Why We Need to Be Like the iPhone Team

Susan Hall

Today fellow blogger Rob Enderle asks, "Is AOL Like Apple Without Steve Jobs?" He says AOL seems to be laser-focused on profit without the power of a personality that drives teams to near-superhuman levels of advancement. He says Arianna Huffington might provide that personality, but that remains to be seen.

 

Meanwhile, a newsletter from job-information site Weddle's asserts that to advance our careers, we have to become like Apple. (You'll have to sign up to get the free newsletter.)

 

Writes Peter Weddle in a post called "The iPhone Proposition":

Steve Jobs and company recognize that standing still is the single best way to fail in today's economy. Their competitors are always raising the bar in terms of design and performance, so they must too. Similarly, consumers are forever raising their expectations about what they want and need from a cell phone, so Apple must oblige.
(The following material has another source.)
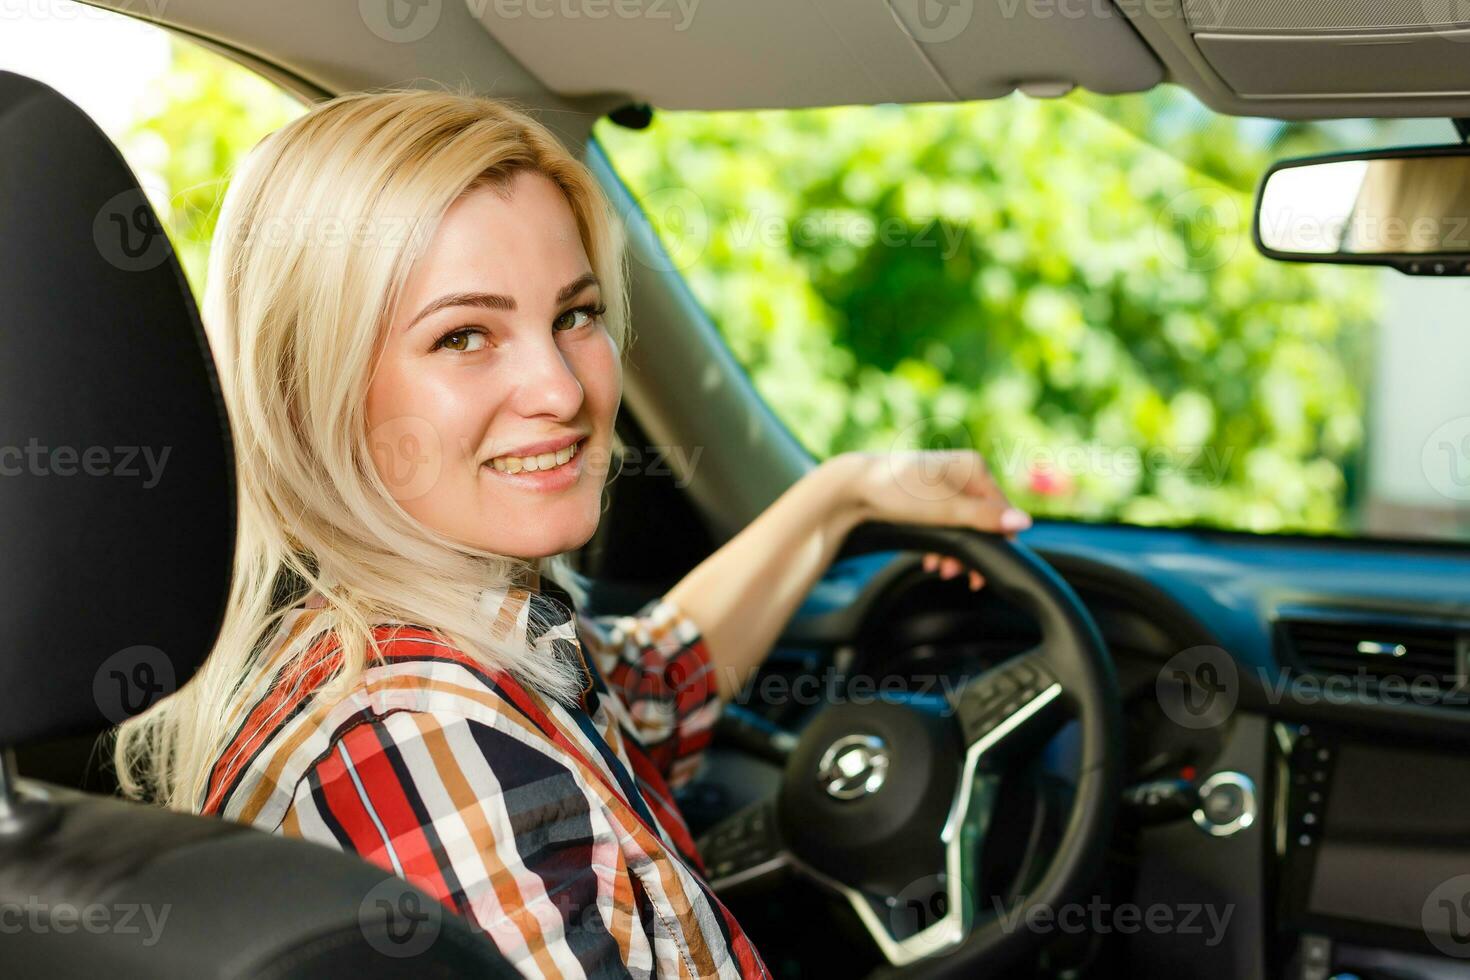 confidente y hermosa. atractivo joven mujer en casual vestir conducción un coche foto

In effect, those two inexorable forces mean that the only way Apple can survive and prosper is by working continuously at getting better.
The same dynamic also now impacts all of us in the workforce. Our competitors in the U.S. and abroad-those who want our job or the job we want-are upping their game and improving their ability to contribute to an employer's success. At the same time, employers now expect higher performance and harder work from both their current employees and those applying for their open positions. As a result, the only way we can survive and prosper in today's economy is by adopting the iPhone Proposition: we must work continuously to stay ahead of both our competitor's capabilities and employers' expectations.

He says that requires three things:

  • We have to determine what skills and knowledge our employers most want to see us provide. He says those skills aren't always advertised. He suggests talking to the hiring manager, not about the job, but the skills the ideal candidate would provide. He says, "Focus on figuring out what kind of person they want to hire, not what requirements and responsibilities they've listed for the kind of job you want."
  • We have to acquire those skills and that knowledge even as we look for a new job or work at the one we have. That can be through college courses, certifications, online learning or any number of ways. He says, "The key to success with this task, however, is our mindset. It's not one and we're done. Acquiring skills and knowledge has become a permanent feature of our careers so we are never finished. Each of us, in effect, is a "work in progress."
  • We have to make sure that the full set of our skills and knowledge is known to potential employers or our current one. If you're employed, he suggests performance evaluations as a good time to make sure your boss knows what you're working on. It doesn't matter if you're not finished. As a "work in progress," you never will be. But it shows two traits that employers appreciate: initiative and self-reliance.